## EXERCISE REQUIREMENTS
Images aside, the whole listing should be written out word for word.

## SUPPLIED DATA
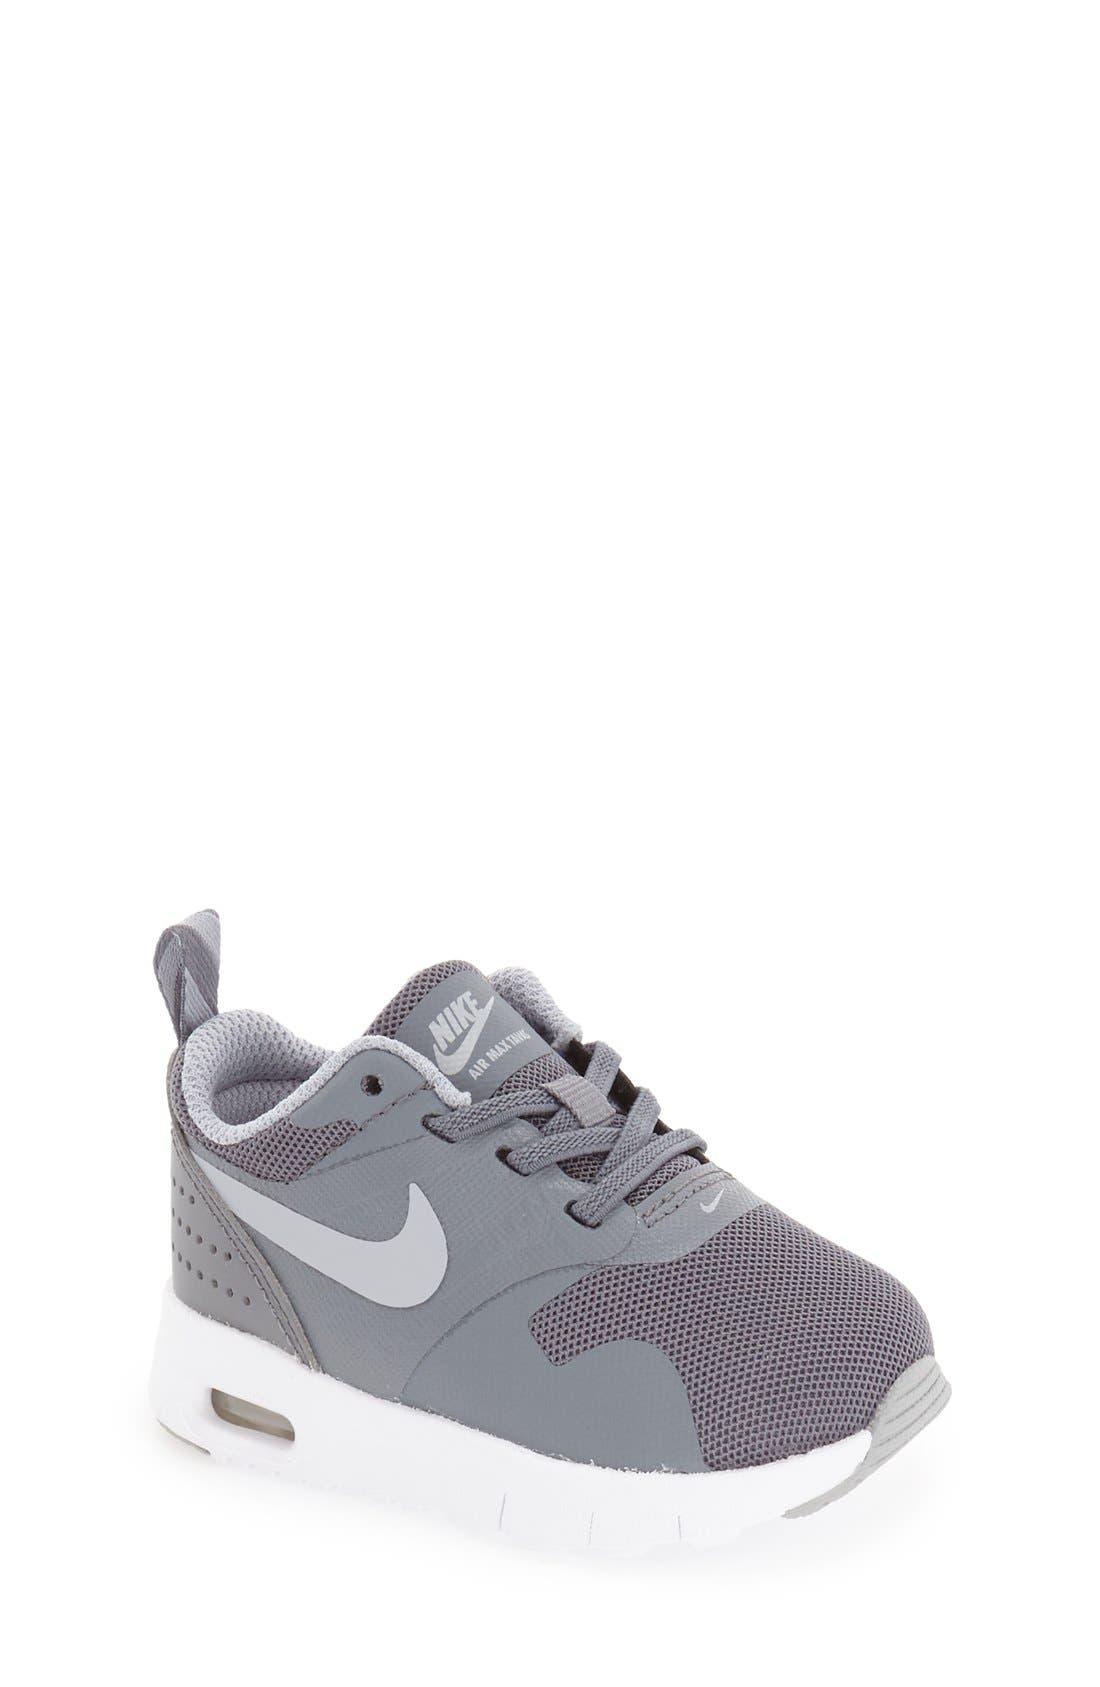 Alternate Image 1 Selected - Nike Air Max Tavas Sneaker (Walker, Toddler & Little Kid)
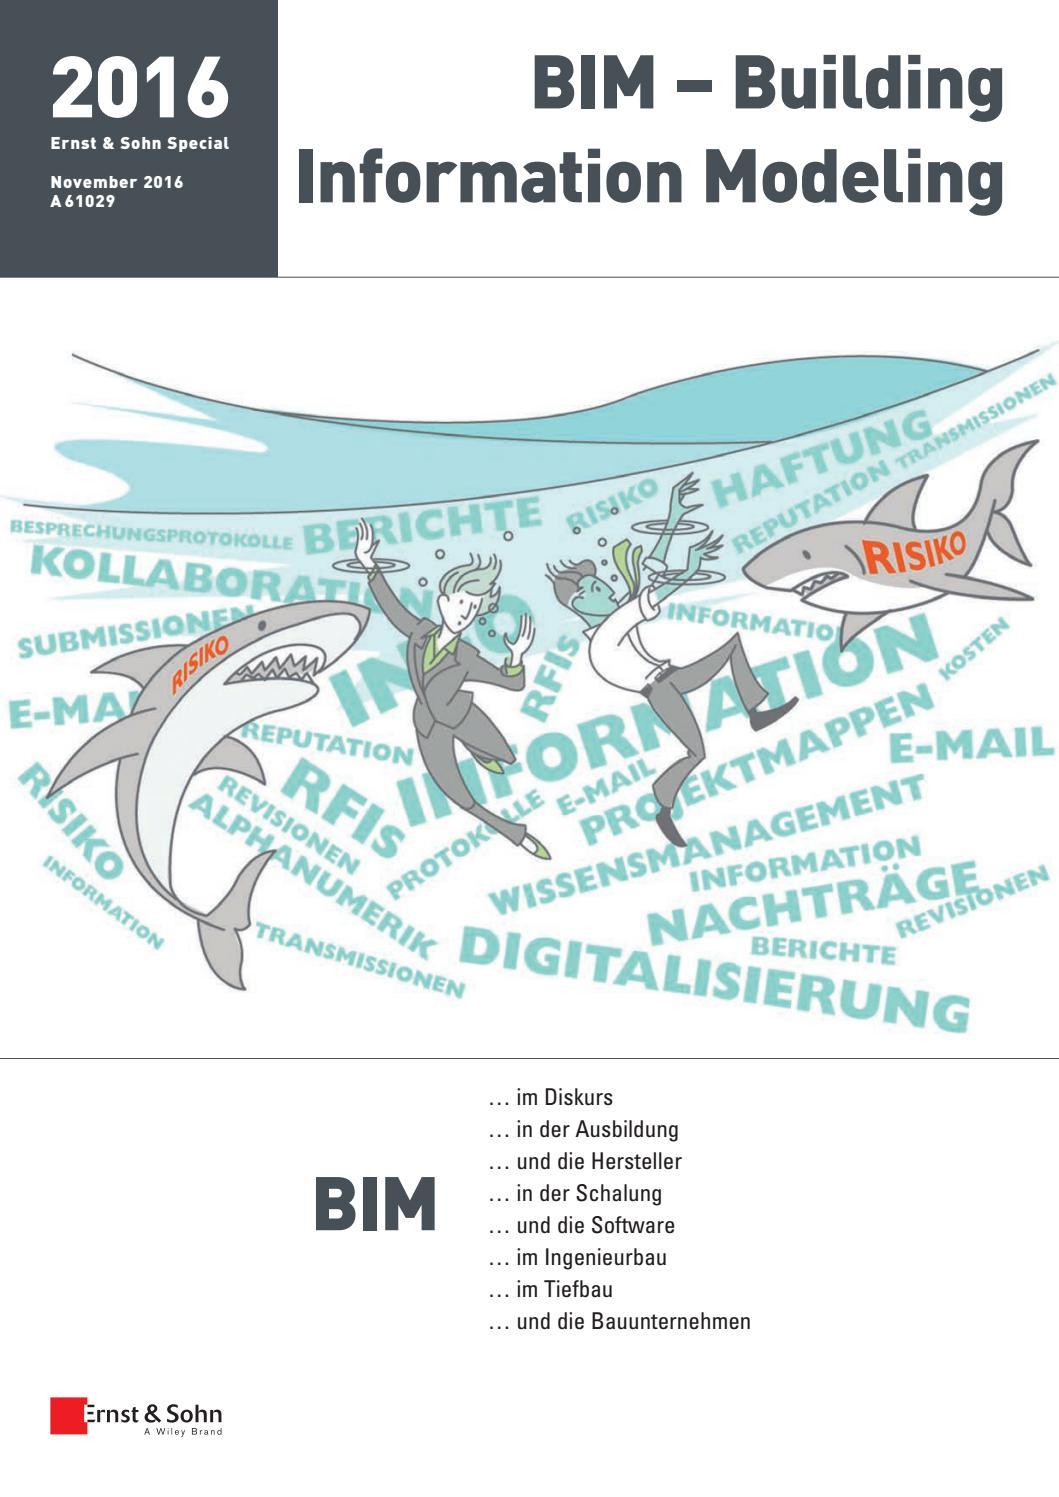 Ernst & Sohn Sonderheft BIM 2016 by Ernst & Sohn - issuu
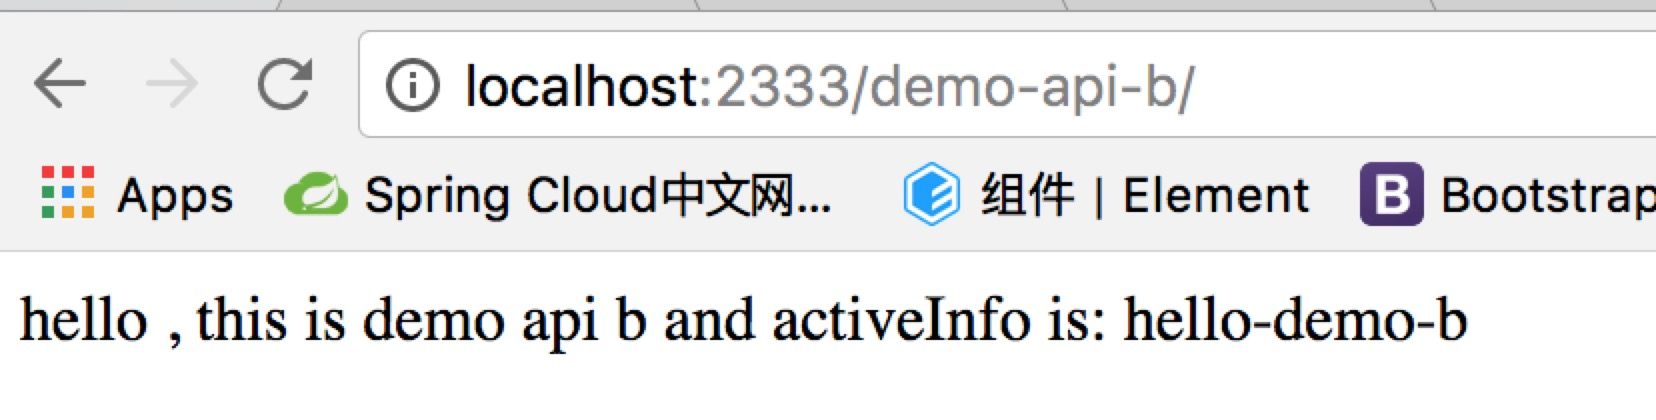 demo-api-b.jpg
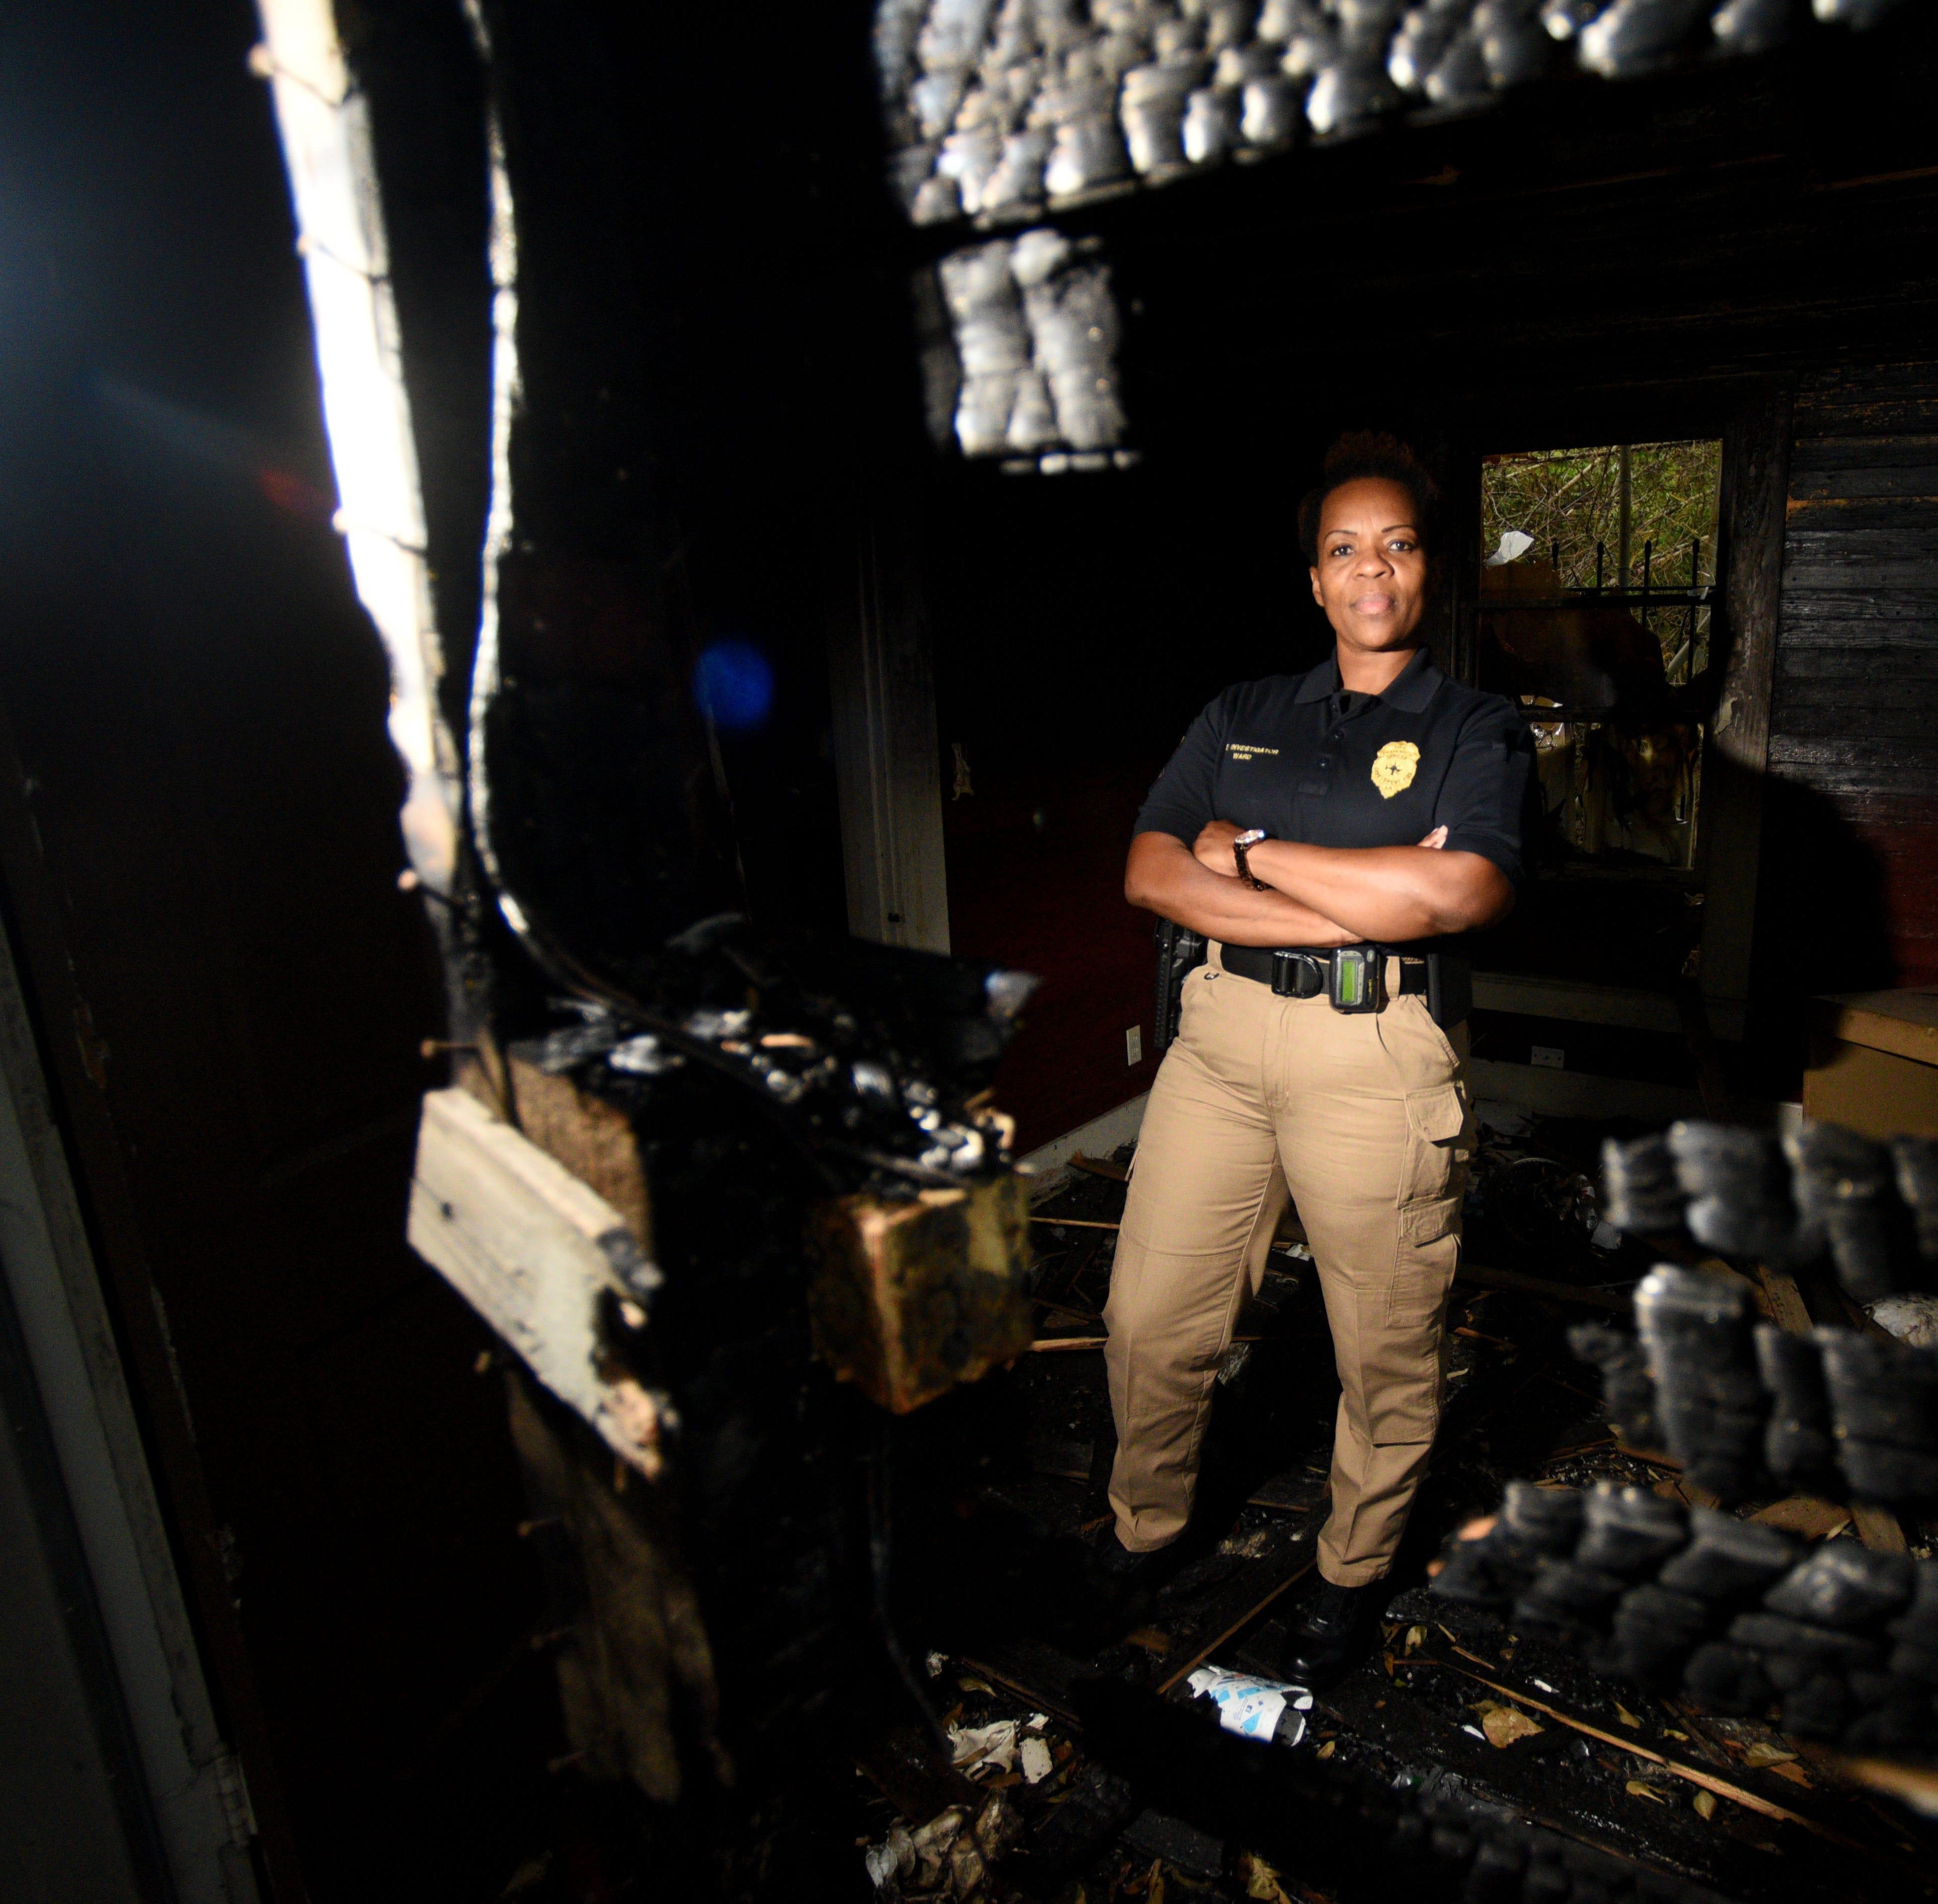 'Never say never'; Janet Ward becomes Shreveport's first female arson investigator

## FINISHED EXERCISE
 Alternate Image 1 Selected - Nike Air Max Tavas Sneaker (Walker, Toddler & Little Kid)
 Ernst & Sohn Sonderheft BIM 2016 by Ernst & Sohn - issuu
 demo-api-b.jpg
 'Never say never'; Janet Ward becomes Shreveport's first female arson investigator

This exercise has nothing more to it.